Exercise directions.
What's wanted here is the full listing below, repeated exactly, with no images in it.
[Dataset content]
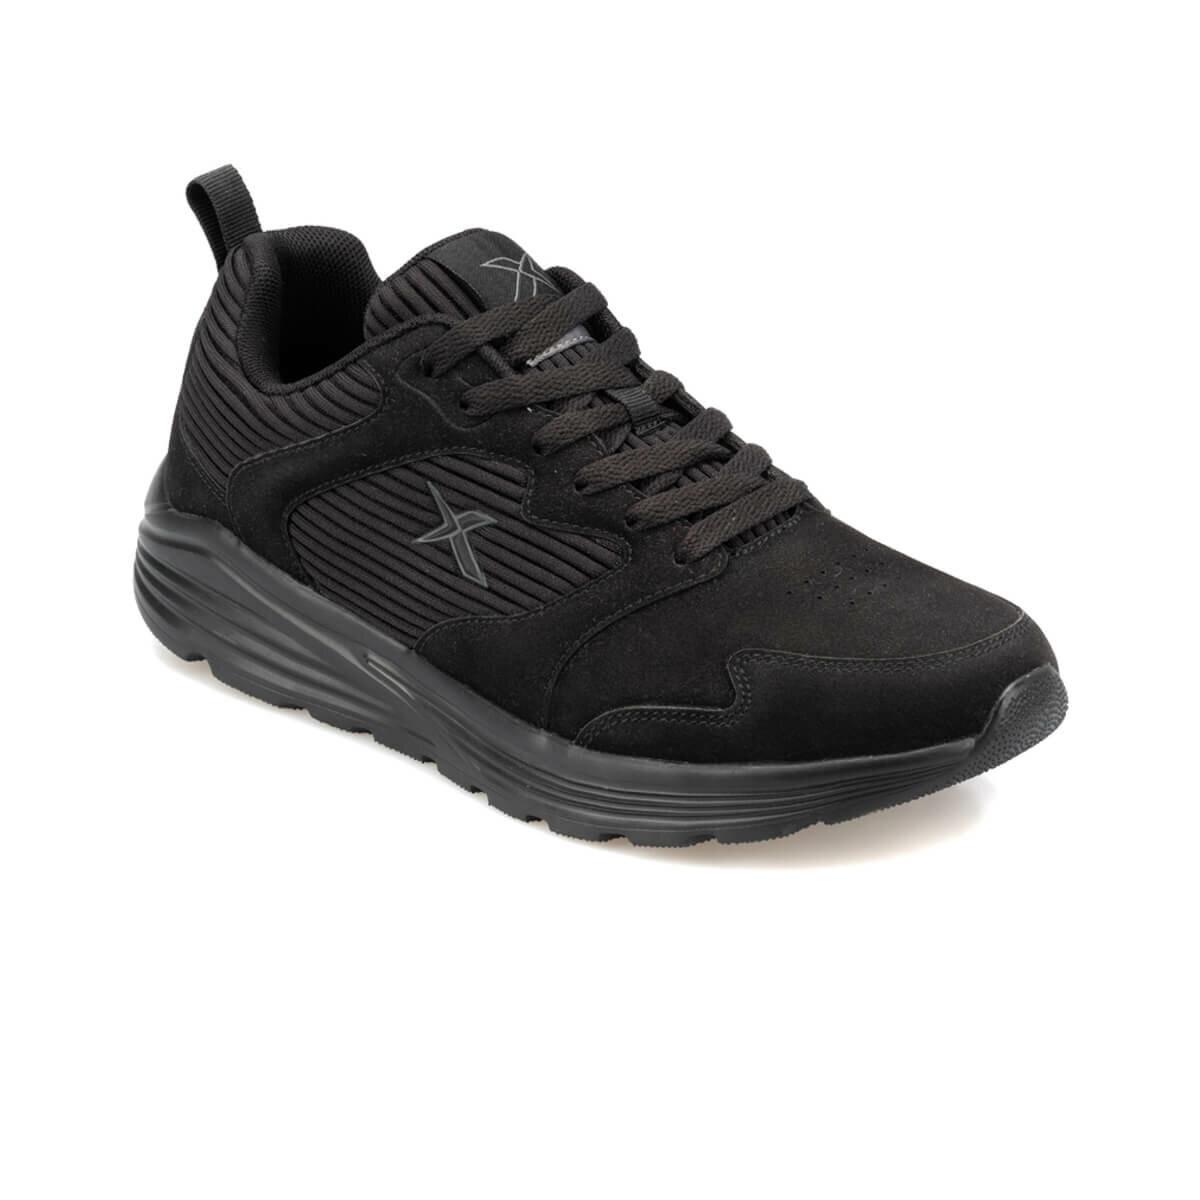 FLO SANTA M 9PR Black Men 'S Sneaker Shoes KINETIX
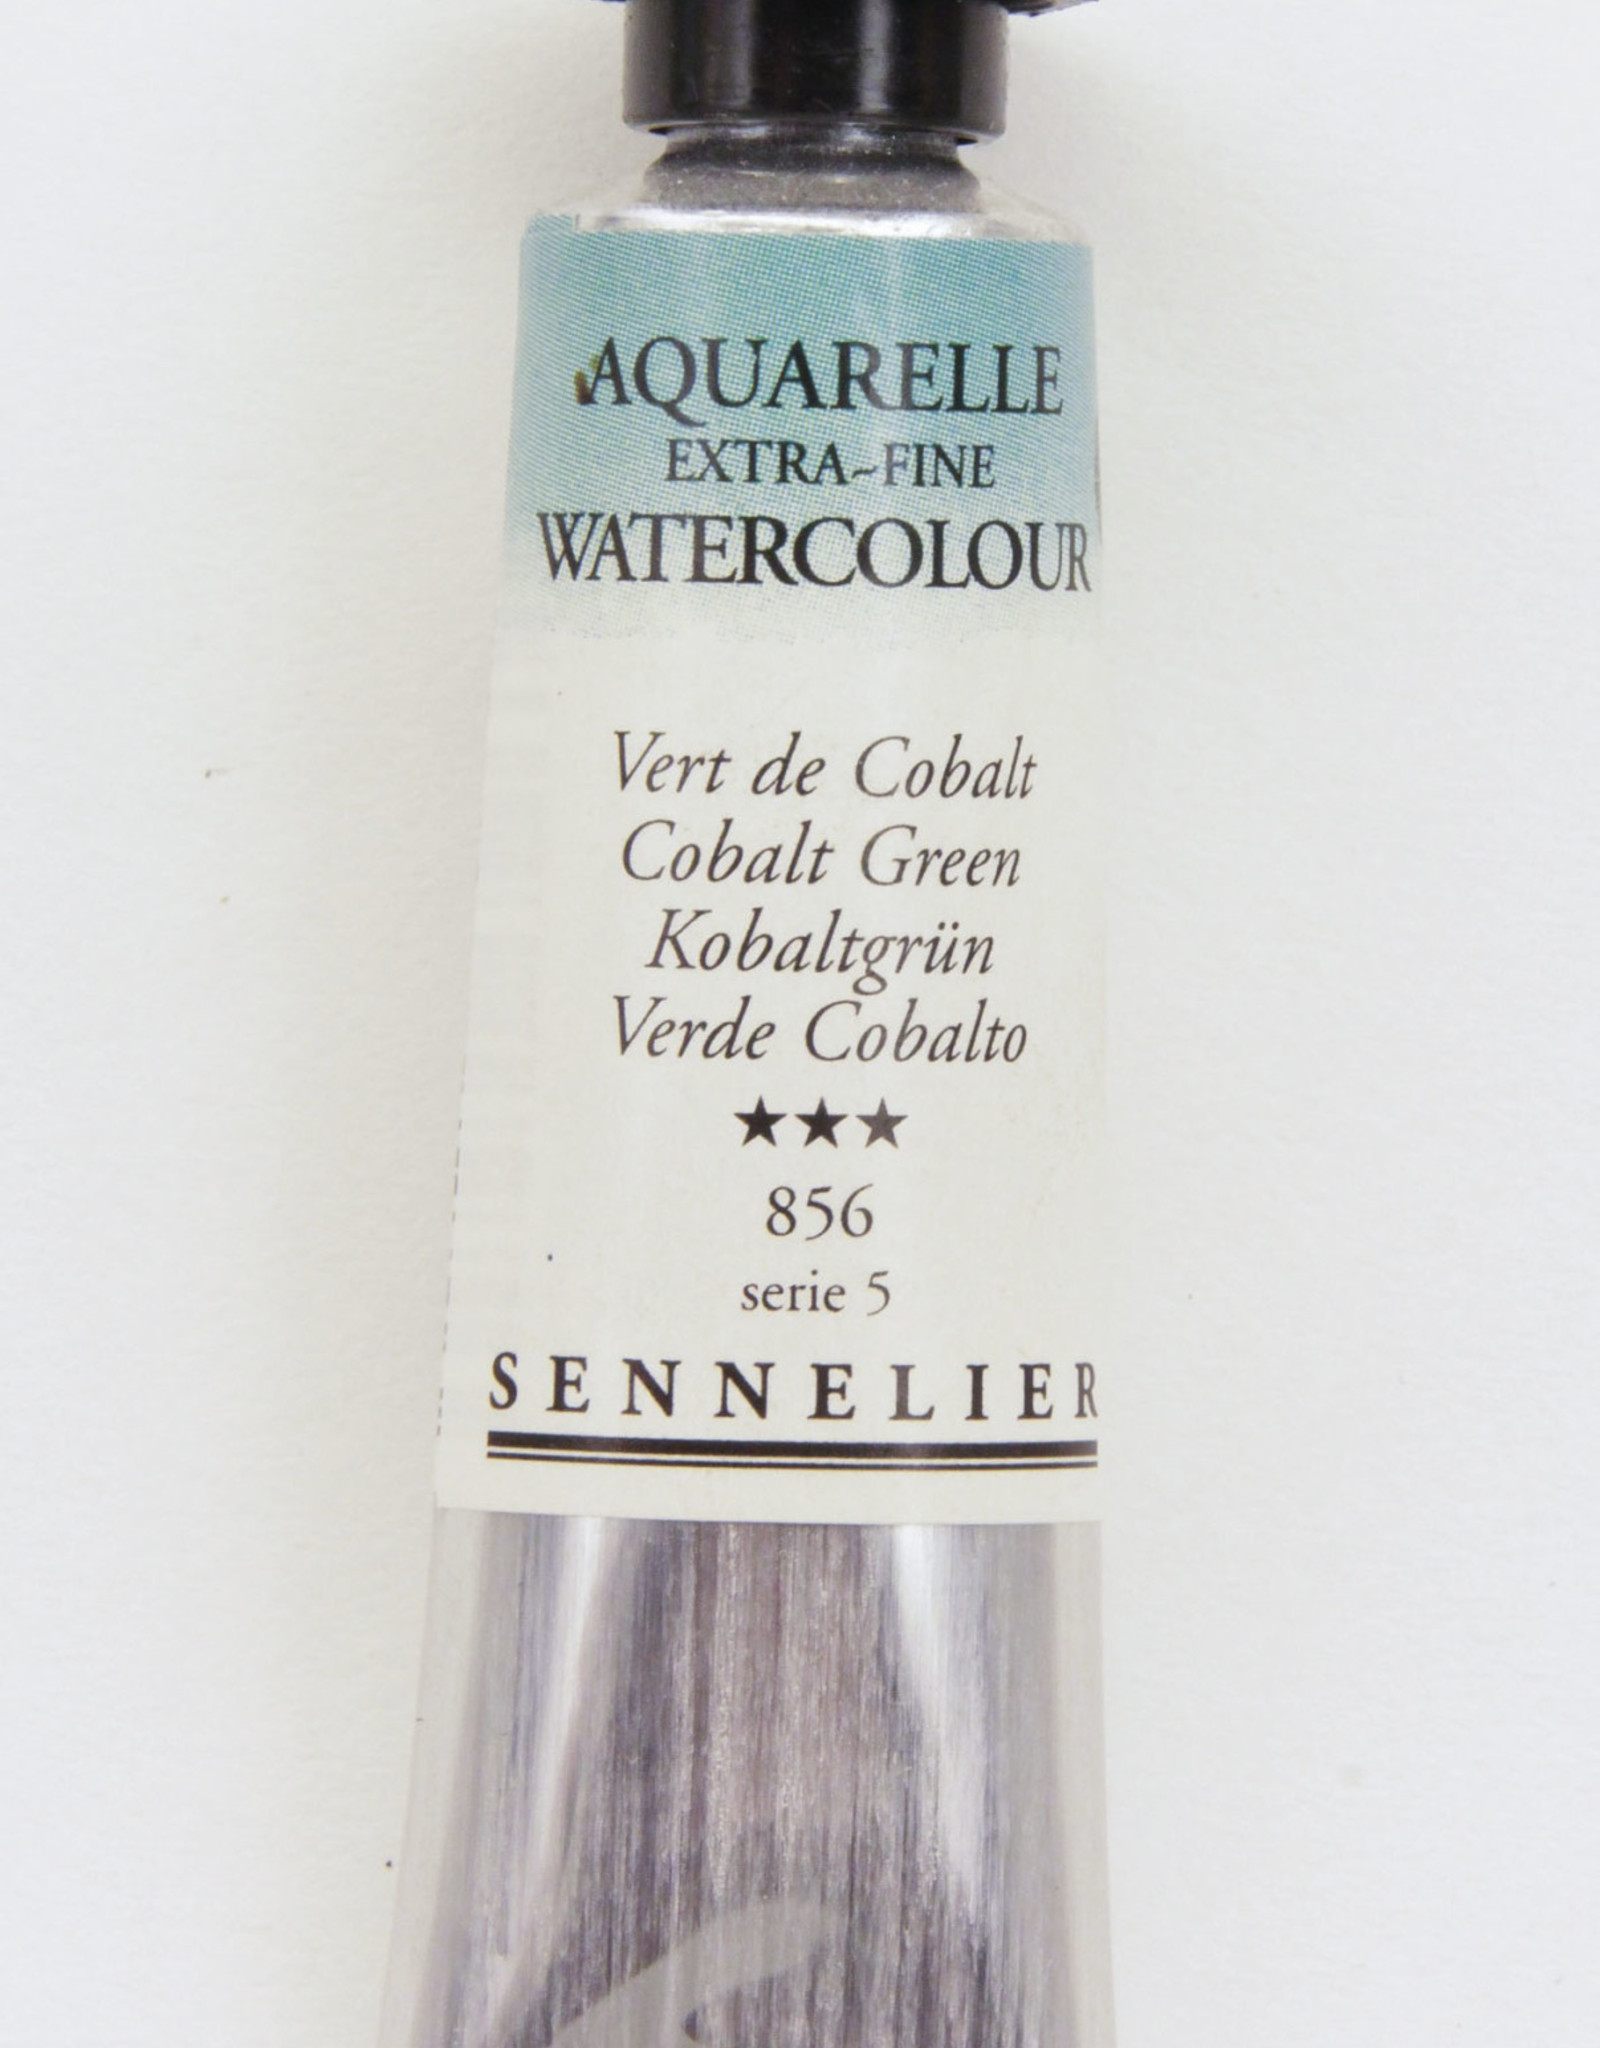 Sennelier, Aquarelle Watercolor Paint, Cobalt Green, 856, 10ml Tube, Series 5
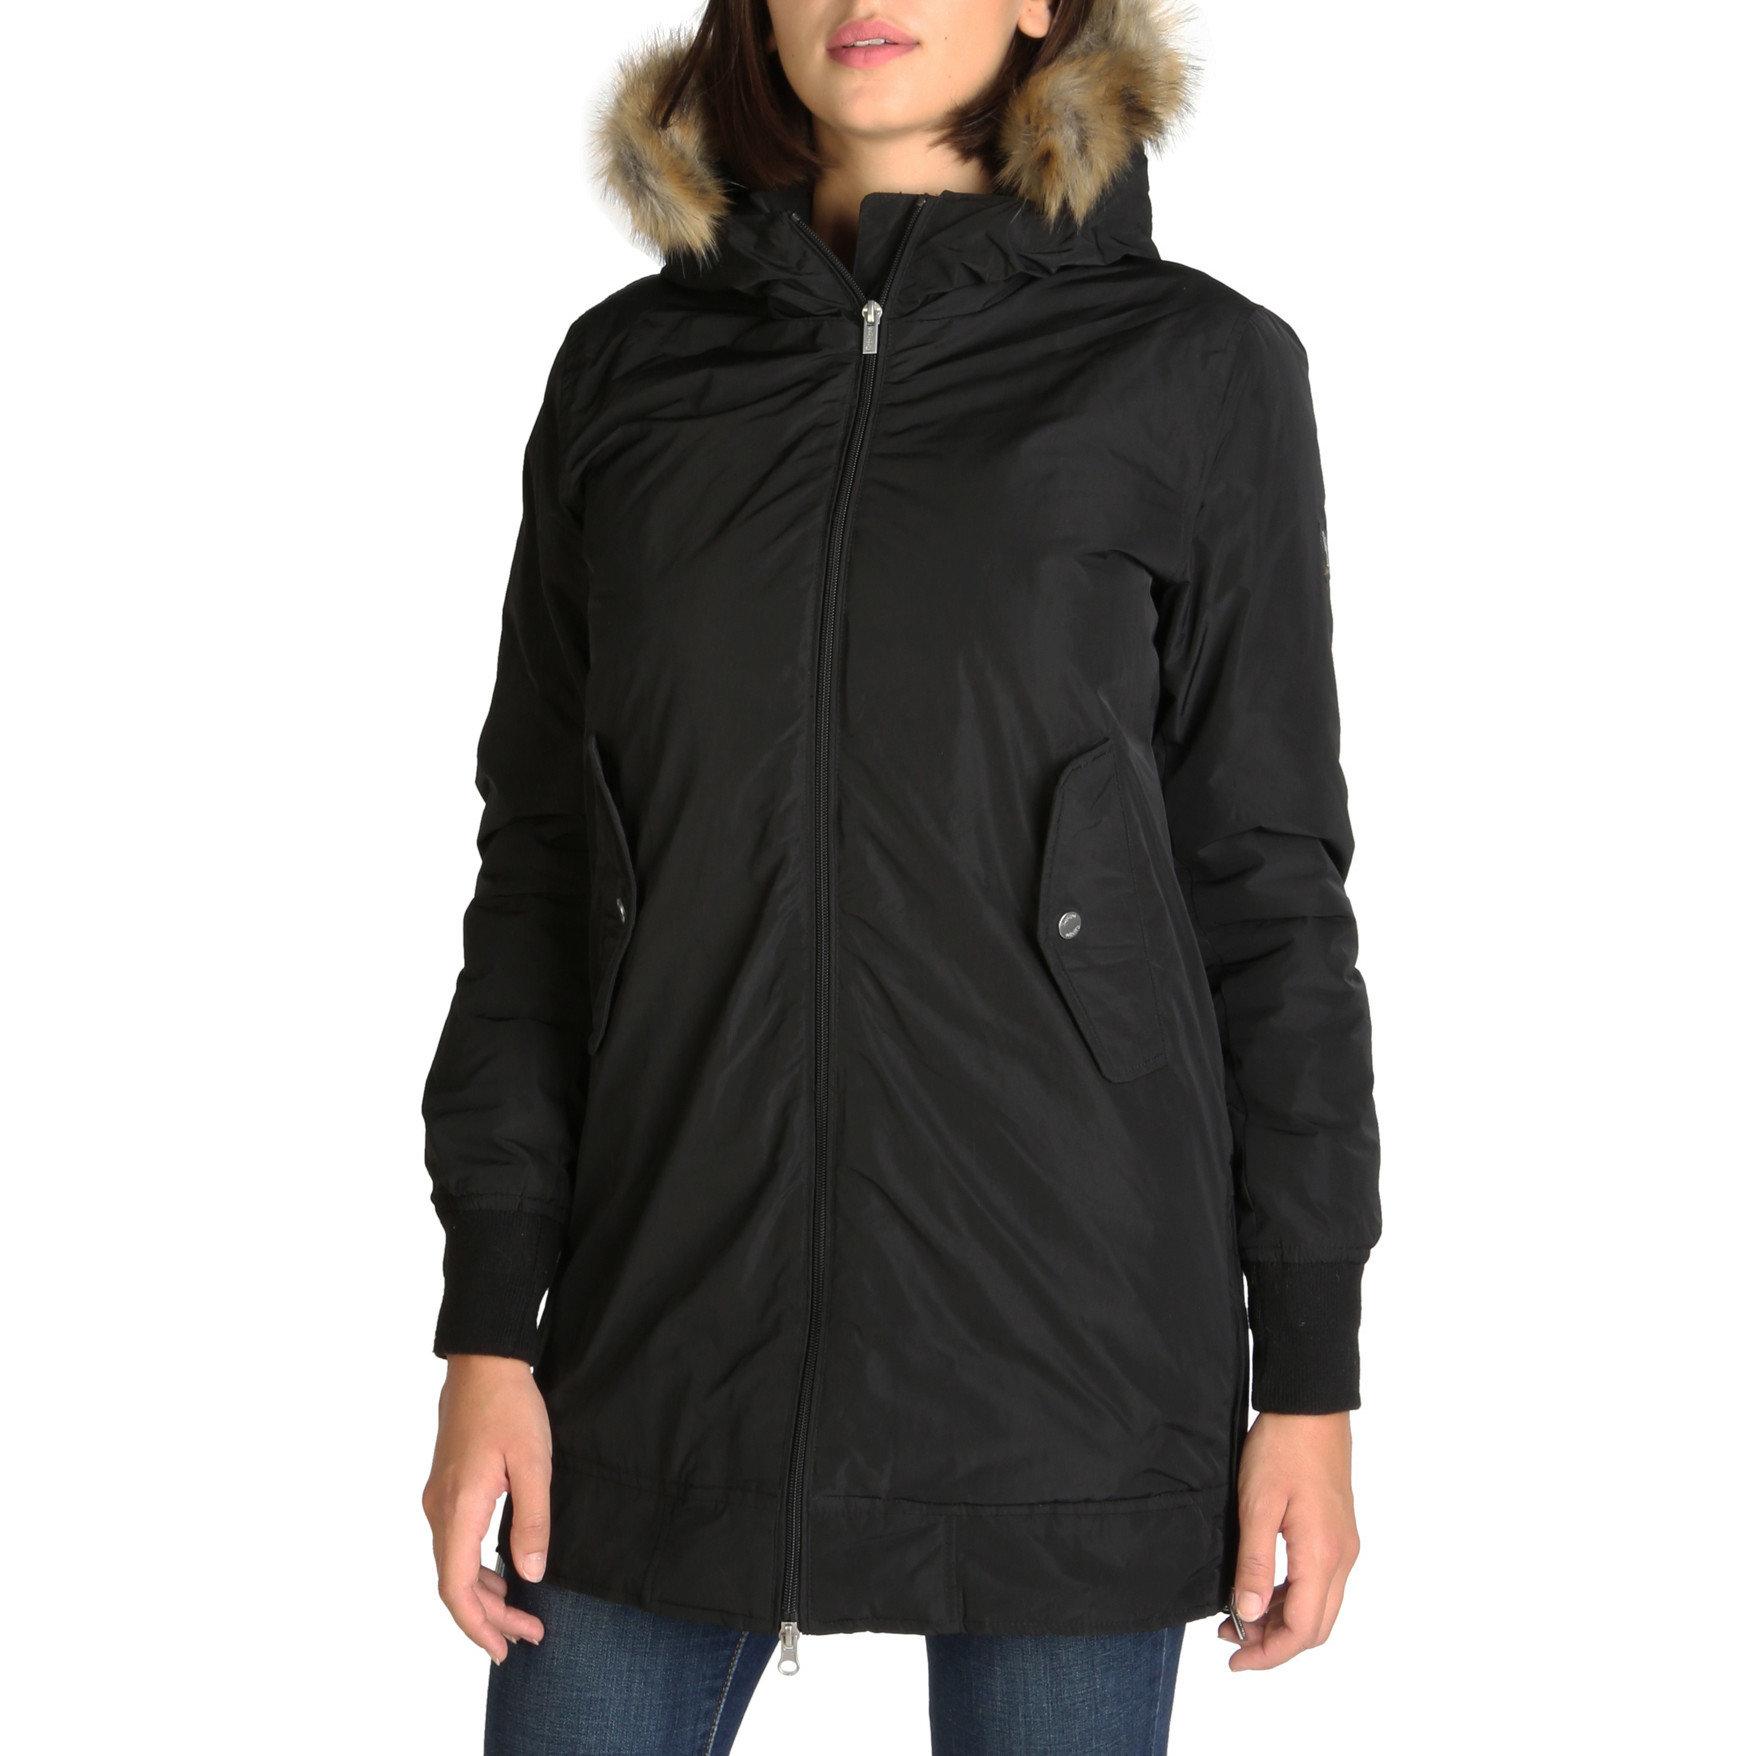 long jacket with a furry hood
[/Dataset content]
Expected answer.
 FLO SANTA M 9PR Black Men 'S Sneaker Shoes KINETIX
 Sennelier, Aquarelle Watercolor Paint, Cobalt Green, 856, 10ml Tube, Series 5
 long jacket with a furry hood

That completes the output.